Pete Pachal: Just dive in, start using it. I know that’s kind of very default advice, you probably already have. Here’s the thing. If you’re a journalist, you’re hearing this, you’re like, oh, duh, thanks, dude. I wouldn’t have thought to try to use ChatGPT, but the thing is, you probably used it and I’ll bet you didn’t love the results. And I think you need to go back, you know, like if you haven’t used it in a while, one, the model’s a lot better and there are tools that you’re not using. I’m sure you’re underutilizing them. You probably don’t use memory. You probably don’t use custom instructions. Very simple things. You can look at, you know, some quick YouTube tutorials, to get you up to speed on that and then, you know, mess around with it, create a custom GPT to get some prompts that you know will help you write in your own style. I’ve got some ones I like. Again, get in touch if you want to know, I’ll be happy to give you one or two of those for free.

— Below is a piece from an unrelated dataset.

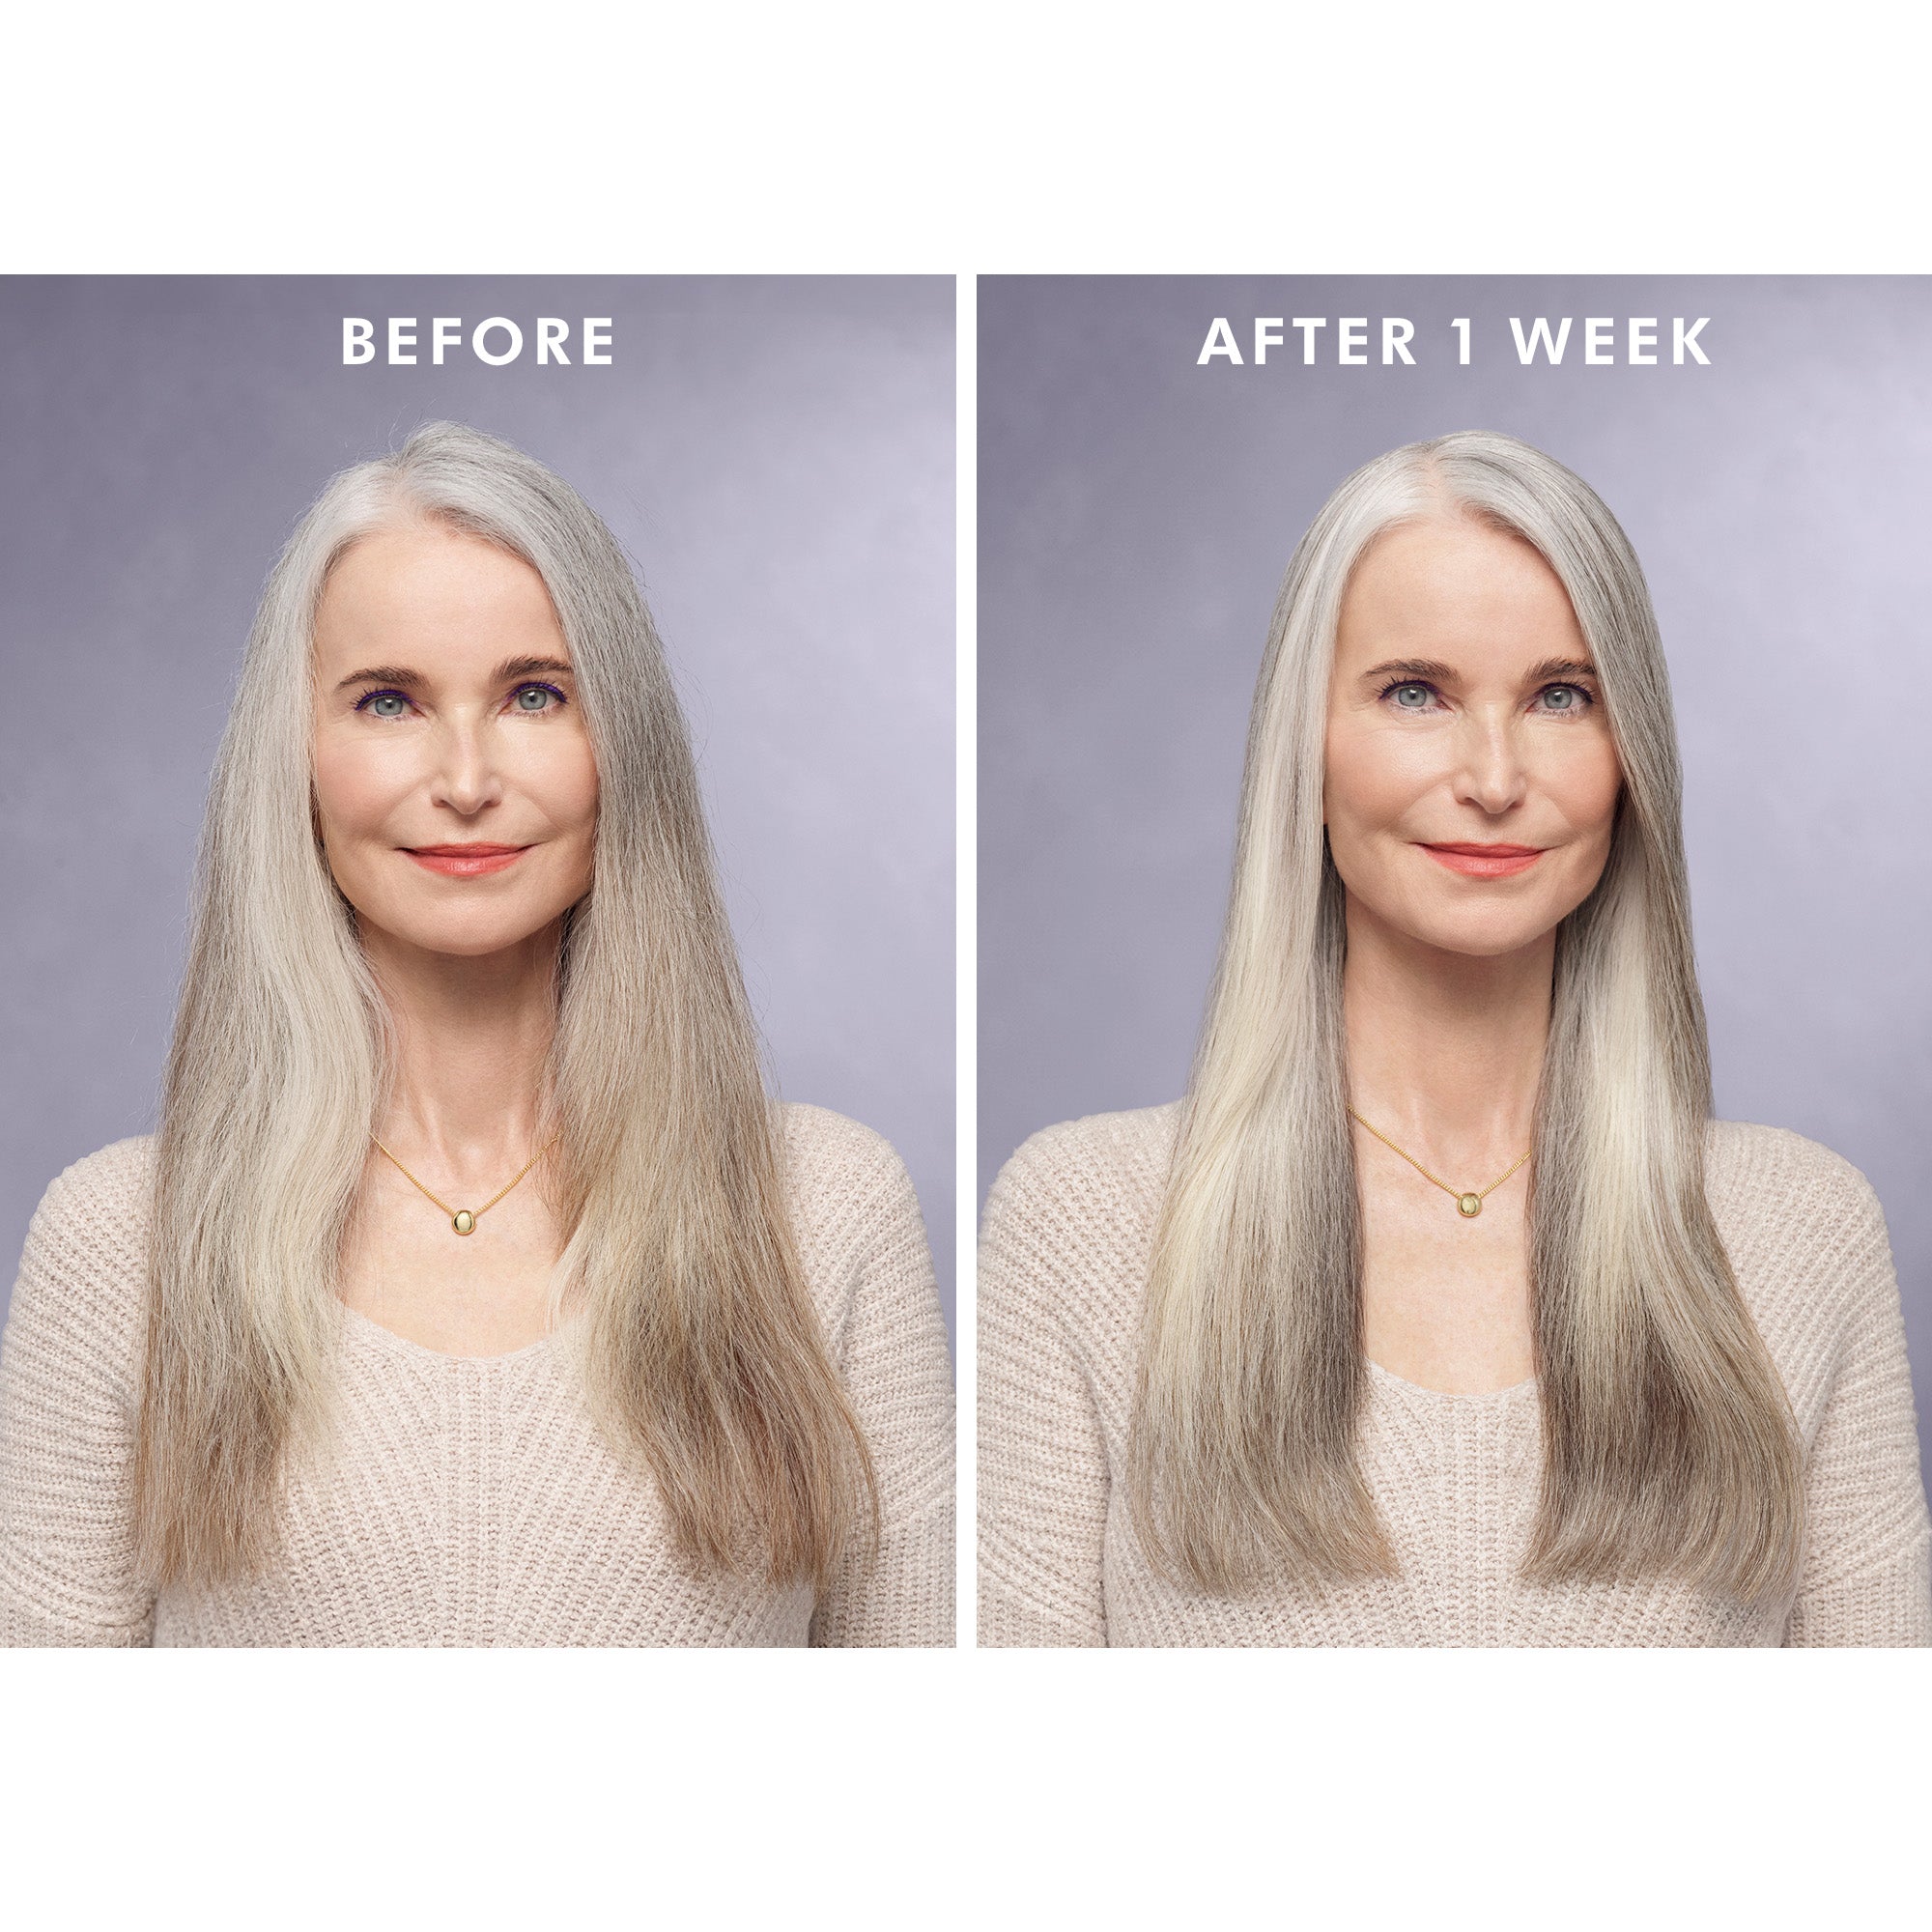 תמונות של לפני ואחרי שבוע של שימוש בשמן בשיער אפור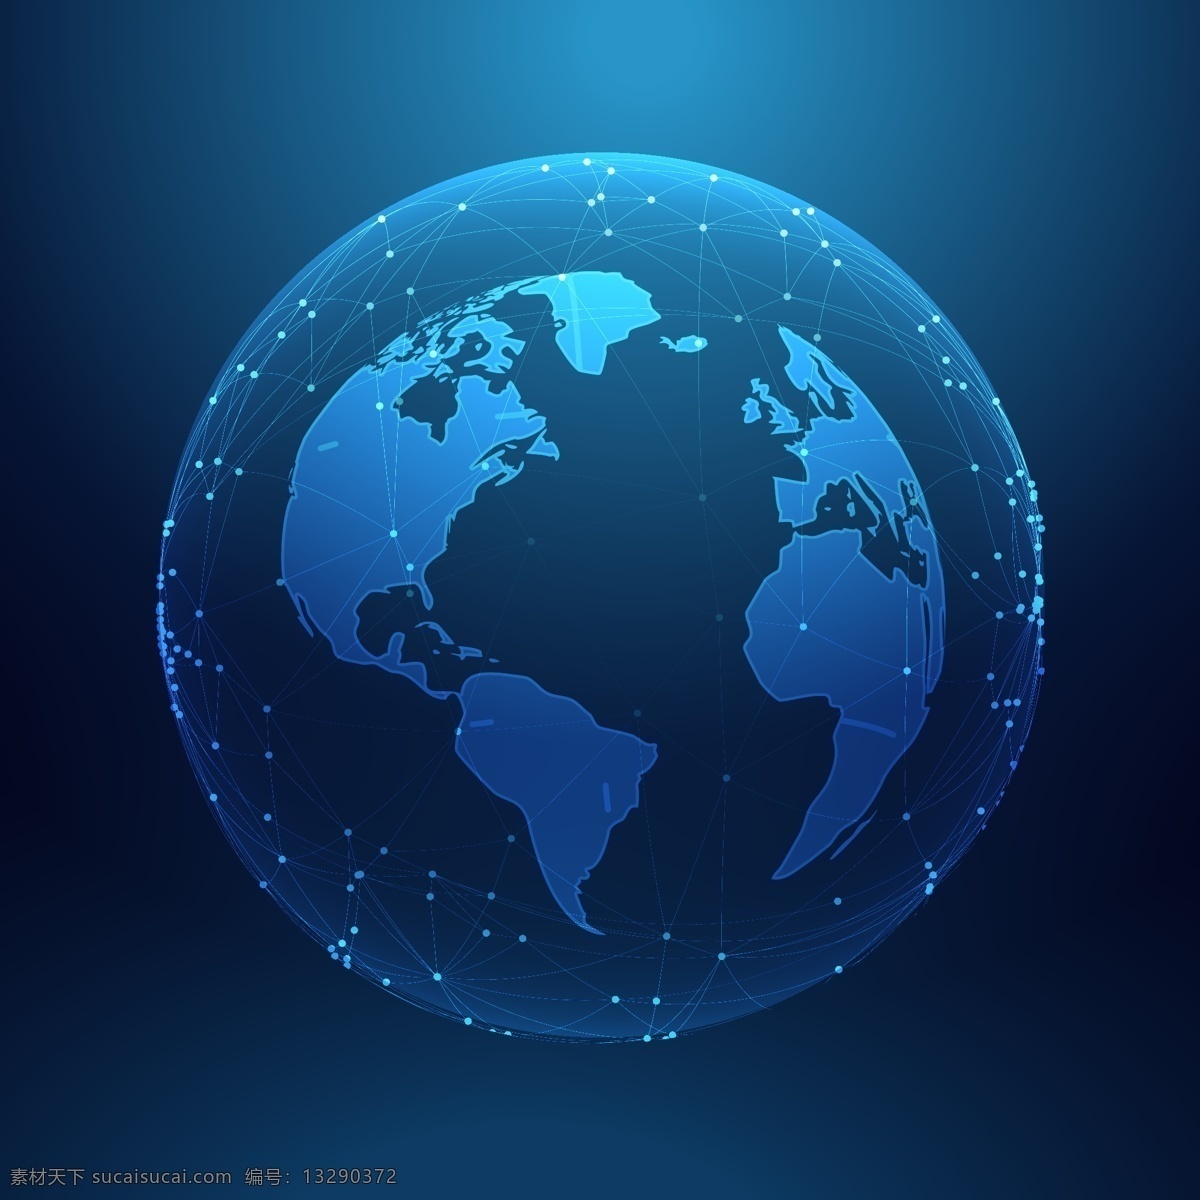 科技地球 地球 科技背景 蓝色背景 设计素材 背景图片 卡通地球 蓝色星球 星球 网络 信息传输 现代科技 数码产品

But there are some things you can do beyond just write this thing for me, create this image for me that’s going to give you better stuff, right. And there are like I think with journalists in particular, it’s not just sort of create some writing, for me, it’s like the research and like curation of information is a big deal. Now AI do hallucinate. That’s an issue. But if you already have a certain amount of material and you have something you want to point it out, that’s a thing, that is relatively straightforward to do. It does take a little more time, but you will get good results much faster than, trying to go through all that stuff manually. So again, if this sounds like a complex thing, you’re not sure where to start. Feel free to email me. But again, there’s a lot of tools, there’s a lot of just even instructions on how to use out of the box, stuff like ChatGPT and Claude for that sort of thing. And you know, give it a go, go spend a couple of hours on it and try to always think about how do I genericize this for whatever story I have
Branislava Lovre: Pete, thank you for this conversation.
Pete Pachal: It was my pleasure. I loved going deep with you. Thanks so much.
Branislava Lovre: And to everyone watching or listening. Thank you for being with us. See you in the next episode.